Calibration is a set of processes under controlled conditions that show the relationship between the values of quantities using measurement and the corresponding values according to standards set. The standards output and accuracy are known which means the measurement can be compared with a measurement from the instrument being calibrated. Calibration reports can be made which show whether or not the balance has passed or failed certain conditions.
Adjustment is the process of altering a measuring device so that it is in a state of performance that is suitable for its use. The amount of adjustment carried out can be determined by a “found calibration” which is a pre-adjustment calibrations which involved carrying out the first calibration, making the adjustment and then carrying out the second calibration.
Calibration is about establishing a relationship between a known value (the standard taken from test weights) and the measured value. The difference between these two values show how you understand the behaviour of the scales. If you place 1kg on the scales and the scales reads 2kg, then you can presume that by placing 5kg on the scales, it will read 10kg. This understanding of behaviour is calibration.
Calibration of a scales often does not require any adjustment if everything is running well. A “tolerance” is if the scales is measuring well enough to successfully complete the task, without being 100% precise. Tolerances are subject to change and can be set by customers and manufacturers
What is Measurement Uncertainty?
Measurement uncertainty is becoming increasingly emphasized in measurement communities. Measurement uncertainty is the “doubt” of measurements. Every measurement we make has some level of doubt so we need to assess how much “doubt” there is so we can establish how reliable the reading is. If the measurement uncertainty for a device is not know, then there is no point in taking a reading at all. Measurement uncertainty must be included in calibration certificates according to the ISO 17025 standard for assessing the competence of calibration and testing laboratories
Measurement uncertainties can stem from environmental factors, the measurement device, operator or procedure errors and many more. Error is not the same as uncertainty. Error is the difference between the device reading and the standard, but an error reading cannot be accurate until the measurement uncertainty is established.

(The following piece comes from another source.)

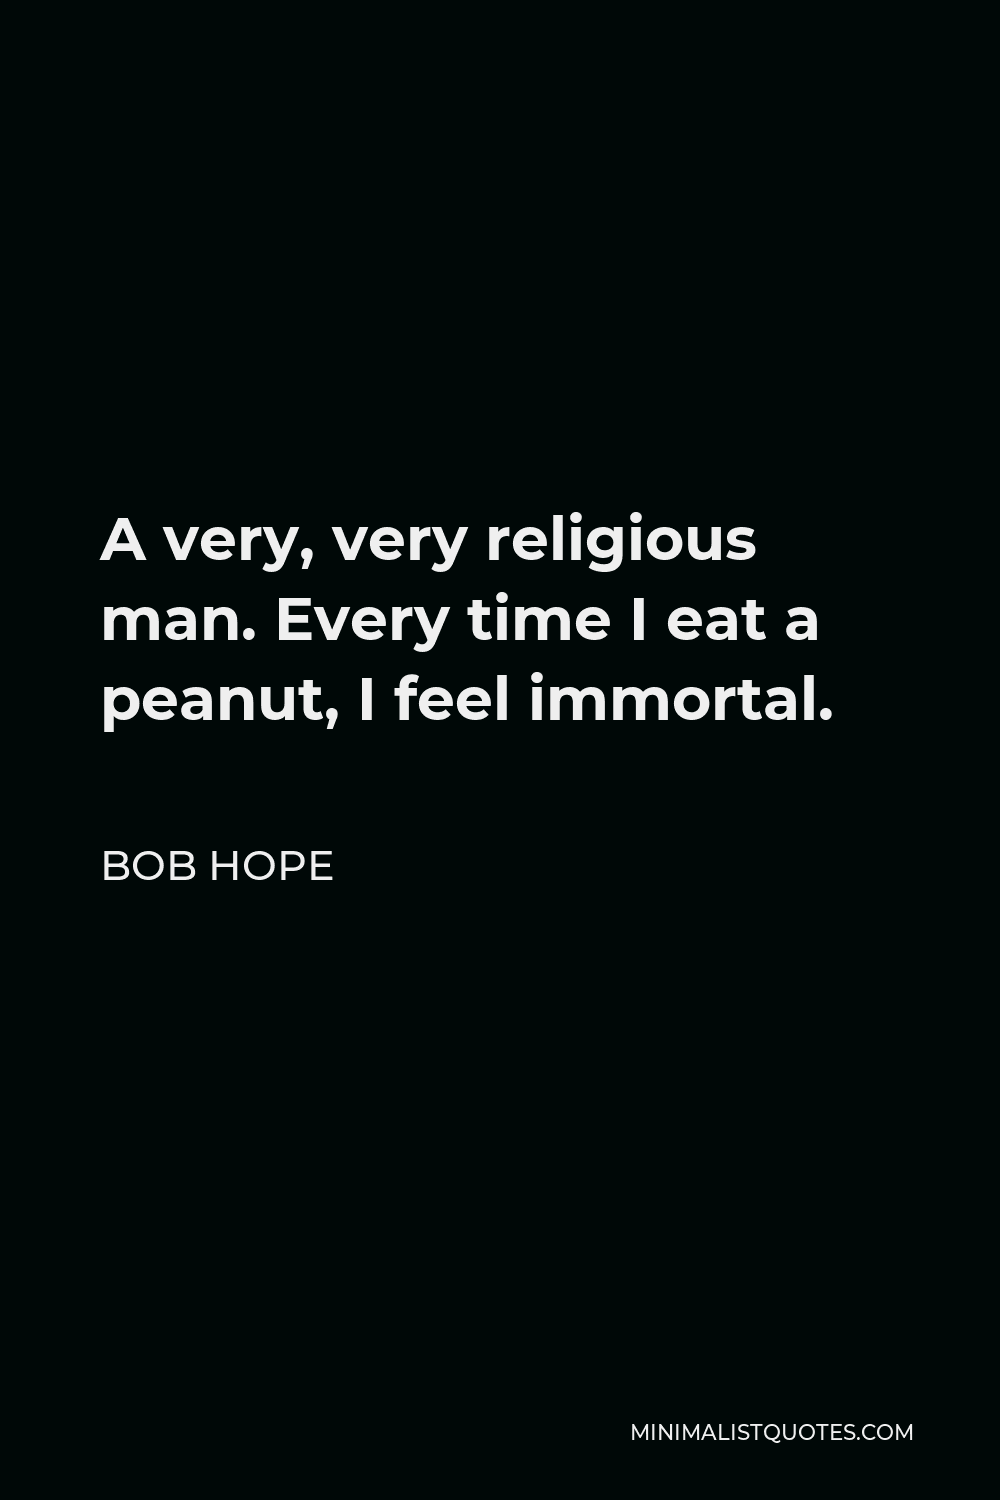 Bob Hope Quote - A very, very religious man. Every time I eat a peanut, I feel immortal.

Measurements must be repeatedly taken in order to establish what the typical deviation is. Calibrators must have valid traceability to national standards and attention must be paid to the calibration process’ total uncertainty before deciding to pass or fail performances.
Measurement uncertainty should be included in the calibration reading in order to enhance the understanding of the scales.
What is the difference between Internal Scale Calibration and External Scale Calibration?
External Calibration is a manual process. It involves using trade approved calibration weights. A wide variety of calibration weights are used to test the weight capacity and level of accuracy. The weights are placed on the scale and their reading is set as the standard. The purchasing and management of these weights is very important. Weights must be bought from a trusted source and preserved carefully to make sure they don’t gain or lose mass.
Internal Calibration is a more automatic process that does not involve calibration weight sets or manual user input. This is used for scales with built in calibration weights and some of these scales can even be programmed to calibrate at specific times.
In summary, external calibration is less expensive but takes up time and staff resources and both scales and weights need to be properly maintained. Scales with internal calibration functionality tend to be more expensive but they account for more environmental changes, such as movement, stability and temperature.
When deciding which option is best for you, you will need to assess your budget, your time resources, if weighing conditions frequently change and frequency of use.